Exercise description: Wherever a picture appears, skip it and retype the rest of the data exactly.

Data shown:
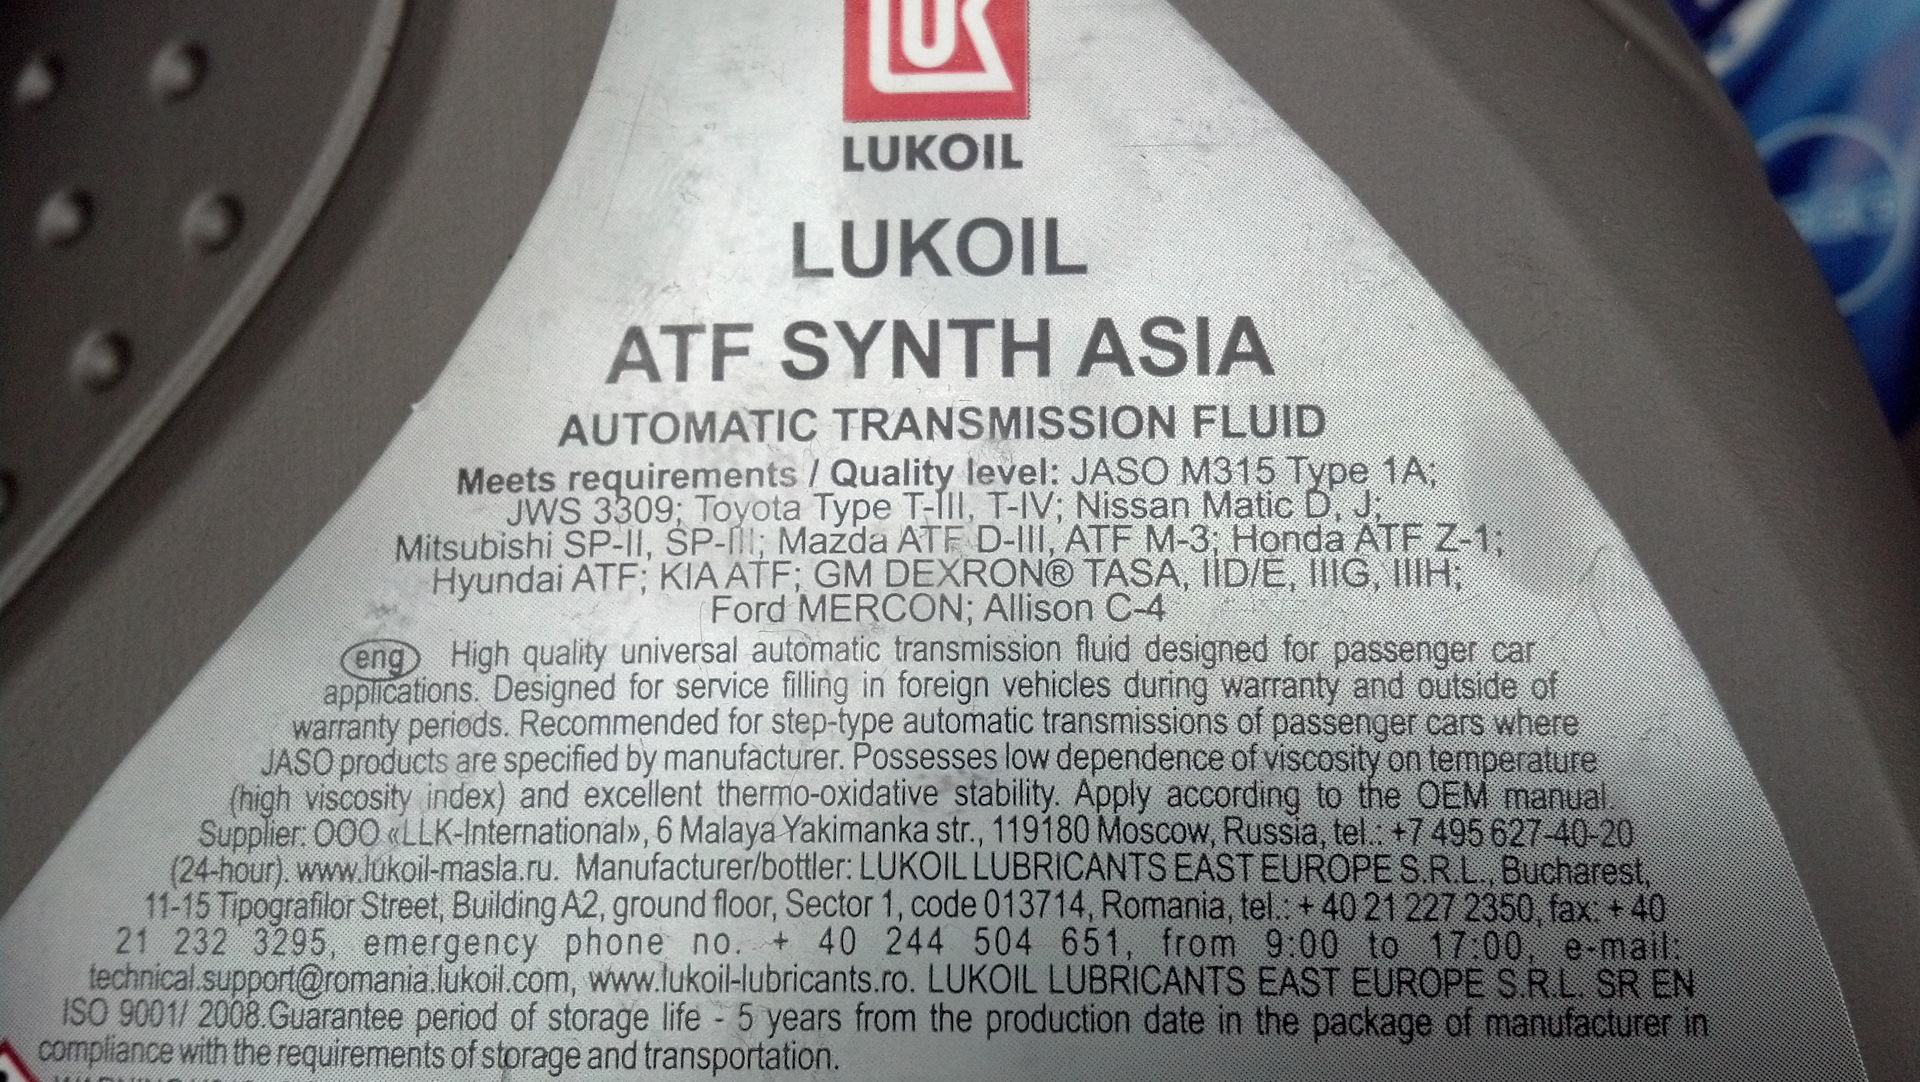 Лукойл atf asia. Lukoil ATF Synth 15. Lukoil ATF Synth m 15. Лукойл ATF Synth m 14. Лукойл ATF Synth Asia.
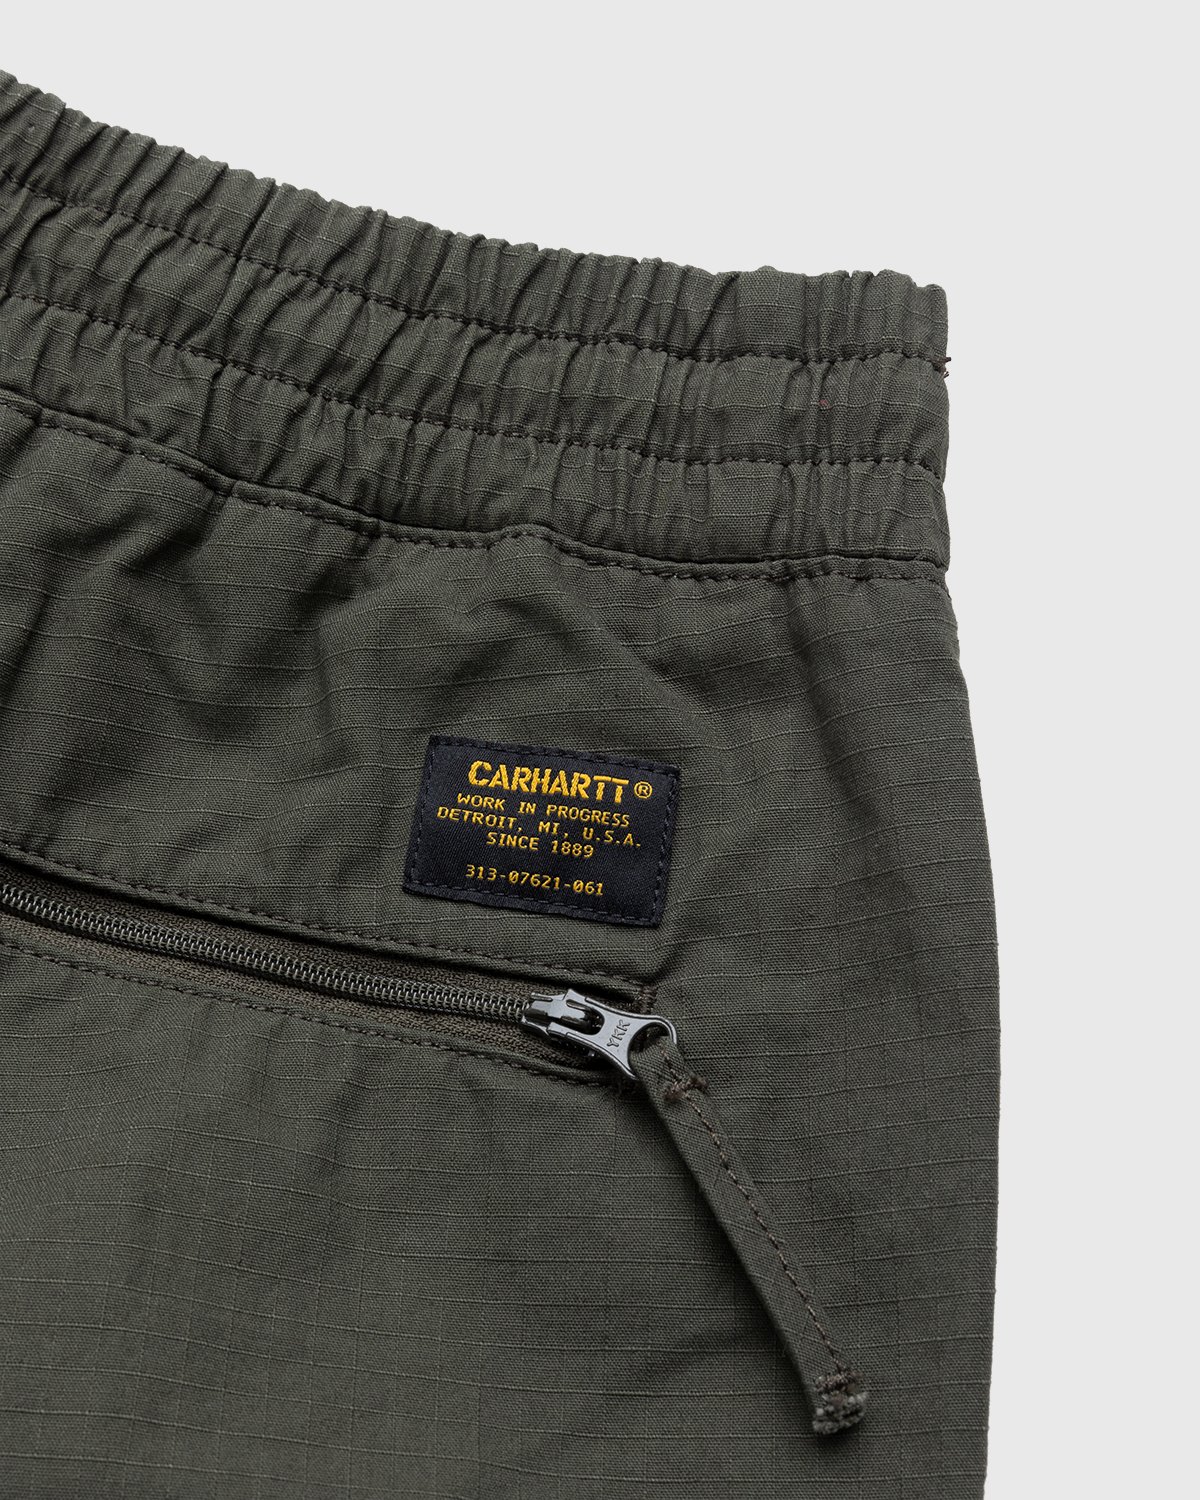 Carhartt WIP - Cargo Jogger Cypress Rinsed - Clothing - Green - Image 3
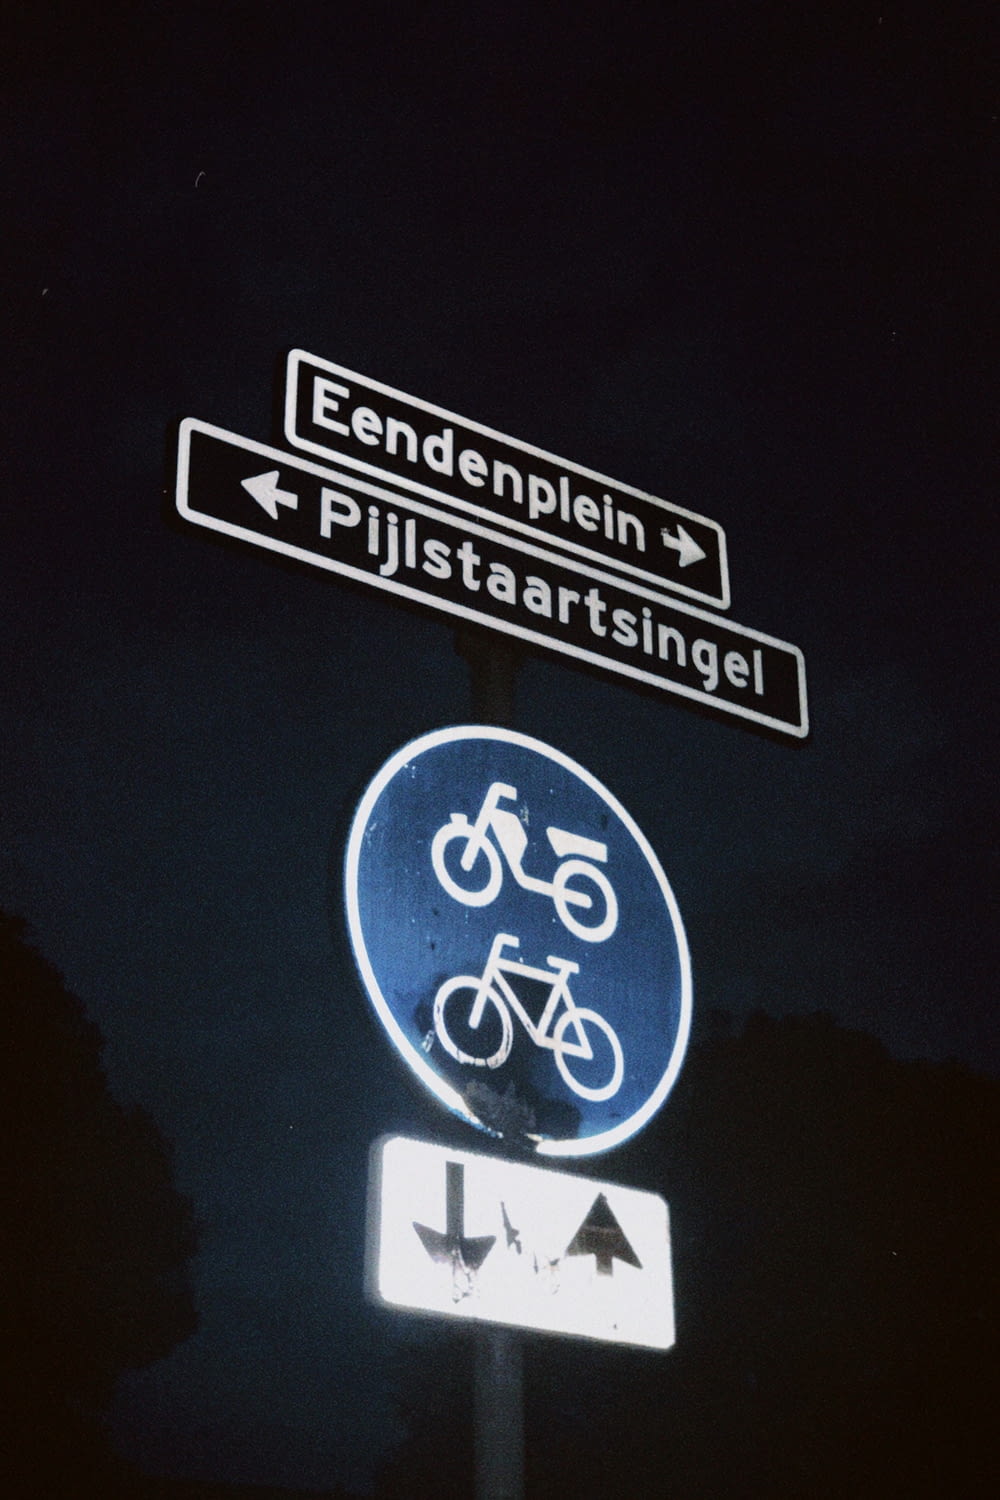 a street sign with a bicycle on it

Task result:
 Лукойл atf asia. Lukoil ATF Synth 15. Lukoil ATF Synth m 15. Лукойл ATF Synth m 14. Лукойл ATF Synth Asia.
 Carhartt WIP - Cargo Jogger Cypress Rinsed - Clothing - Green - Image 3
 a street sign with a bicycle on it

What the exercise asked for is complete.